Di Chio sottolinea anche come non manchino nemmeno pellicole di incerta classificazione in cui si trovano giustizieri che non agiscono secondo la tradizionale visione «reazionaria e machista, bensì per disperazione e paranoia […] e per necessità, tradendo un’angoscia e una sensibilità che ne fanno eroi di segno decisamente diverso. In tutti i casi, la produzione della New Hollywood è caratterizzata da un’amarezza e da una cupezza decisamente evidenti. «La cupezza di questi film si deve al dilagare di scene di violenza, lunghe e disturbanti. Molto spesso si tratta di una concessione facile ai gusti del pubblico più giovanile e maschile, resa possibile dall’abbandono dell’eufemismo tematico e visivo imposto dal Codice. Ma in taluni casi […] la rappresentazione rivela un consapevole approccio “controculturale”: quell’elemento così controverso e tuttavia costitutivo della storia de del carattere degli americani, che la narrazione mitica aveva sublimato e a volte addirittura rimosso, viene ora esibito in modo talmente insistito e iperbolico da rivelare al sua vera natura e la sua autentica funzione storica. Il processo si riscrittura operato dal mito viene in questo modo smascherato» (pp. 110-111).
Di Chio si sofferma anche su come il genere horror moderno offra una rappresentazione del tutto nuova del male e di come la minaccia si sviluppi in seno all’umanità stessa. Da parte nostra abbiamo approfondito in un precedente scritto [su Carmilla] il tema dell’essere umano nemico di se stesso in ambito fantascientifico. Una profonda revisione tocca un po’ tutti i generi: dal noir al musical, dal crime al western che si avvia, tra fine anni Sessanta e primi anni Settanta, ai suoi ultimi colpi di coda alternando opere convenzionali ad opere manierizzate presentando anche interessanti riletture del mito della frontiera.

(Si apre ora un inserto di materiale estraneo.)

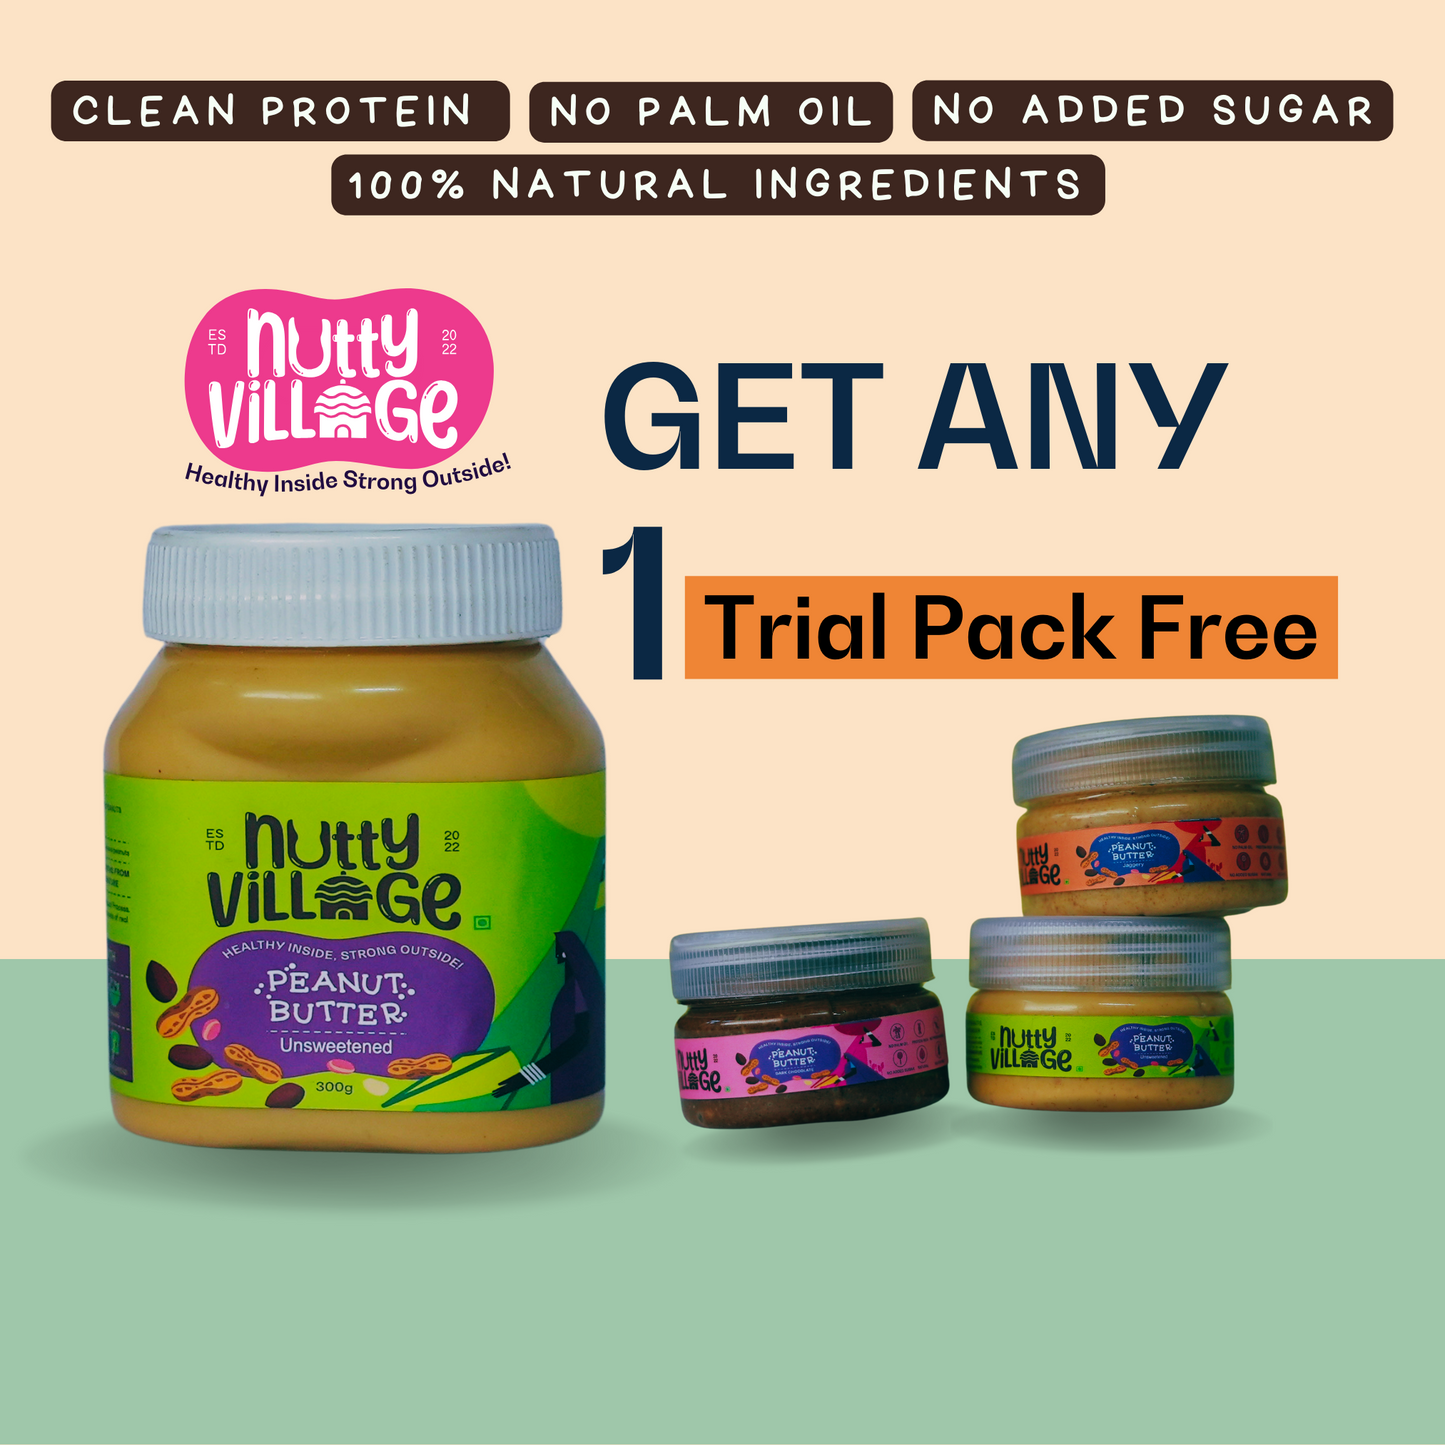 Buy Natural Unsweetened Peanut Butter 300gm and a Free Trial Pack
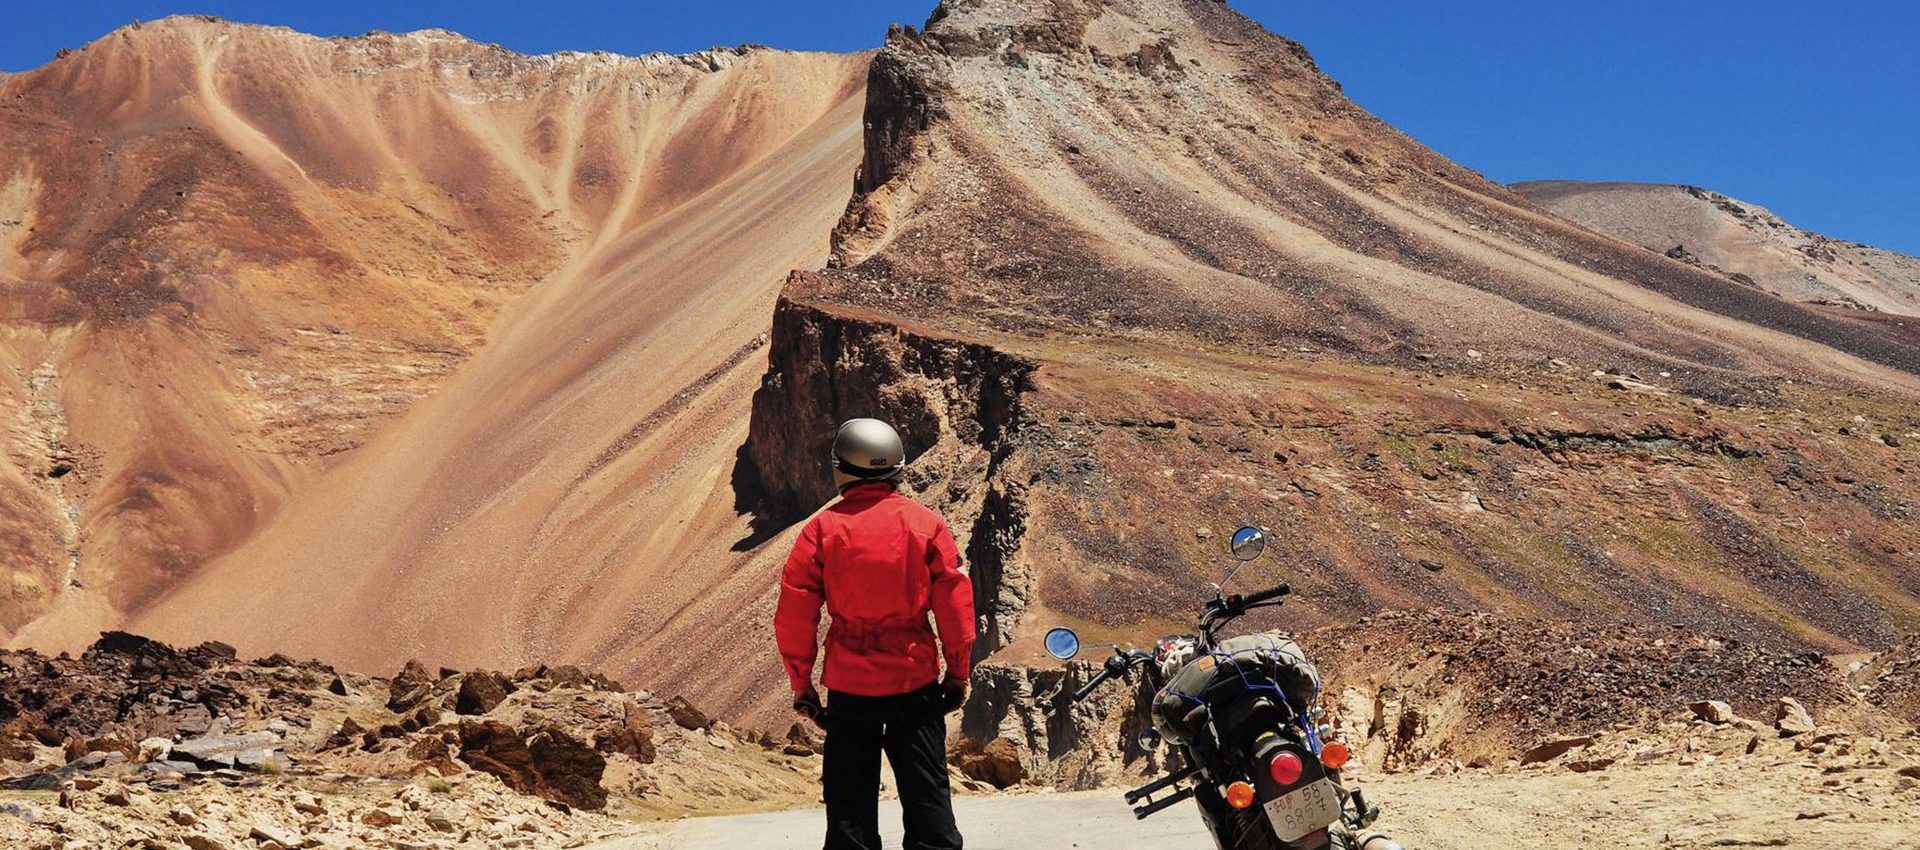 The motorcycle ride of your life through majestic peaks of the Himalayas on the world's highest motorable road.

Trasversale a diversi generi, la figure dell’eroe, sia outlaw che official, tende a dissolversi. Secondo lo studioso nel caso dell’outlaw si perdono alcune sue caratteristiche fondamentali come l’asocialità e la performatività; si tratta ora di un personaggio fragile e sbandato che non riesce più a cavarsela da solo e ciò lo rende sempre più simile alla figura del villain. Nel caso dell’official, ad esempio nel poliziotto, si perdono la disciplina istituzionale ed il legame sociale tanto che diviene sempre più solitario. Nel saggio viene fatto notare come outlaw ed official non si incontrino quasi più nelle storie: o abbiamo uno o l’altro. Al posto di queste due tipologie tradizionali di eroe sembra sempre più prendere piede la figura dell’antieroe privo di una visione del mondo e di riferimenti valoriali forti. Tutto ciò, però, sottolinea lo studioso, non avviene in televisione; in questo caso ci si tiene decisamente alla larga dagli antieroi tragici e distruttivi.
In American storytelling si pone l’accento su come il cinema della New Hollywood risulti contraddistinto dal pressoché totale predominio di personaggi maschili ed in parte ciò è dovuto alla crisi in cui versa la figura maschile ormai incapace di raccapezzarsi nella nuova società. Qualche persistenza di eroe forte la si ritrova ancora, ad esempio, nei film poliziesco-giustizialisti, negli spy-thriller e, soprattutto, nei disaster movie ove, non di rado, si ritrova un personaggio maschile maturo che, a costo di fuoriuscire dalle norme comportamentali istituzionali, funge da leader di un piccolo gruppo che si trova a dover fronteggiare una situazione estrema. «Come nel dopoguerra, ma in modo ancora più evidente, la messa in scena della debolezza del maschio (l’antieroe), così come la riaffermazione fin troppo esibita della sua forza (i nuovi eroi d’azione, tutti d’un pezzo e politically incorrect) hanno a che fare con la crisi della maschilità e del modello patriarcale della società che in questi anni, a valle della rivoluzione femminista, emerge in modo davvero esplosivo» (p. 117).
Tra le novità introdotte dalla produzione della New Hollywood nel saggio vengono indicati il ricambio generazionale degli attori, l’uso di una fotografia decisamente contrastata e desaturata con effetti realistici, il ricorso a focali in grado di cogliere dettagli tanto ravvicinati che in lontananza o di allargare a dismisura i confini del visibile.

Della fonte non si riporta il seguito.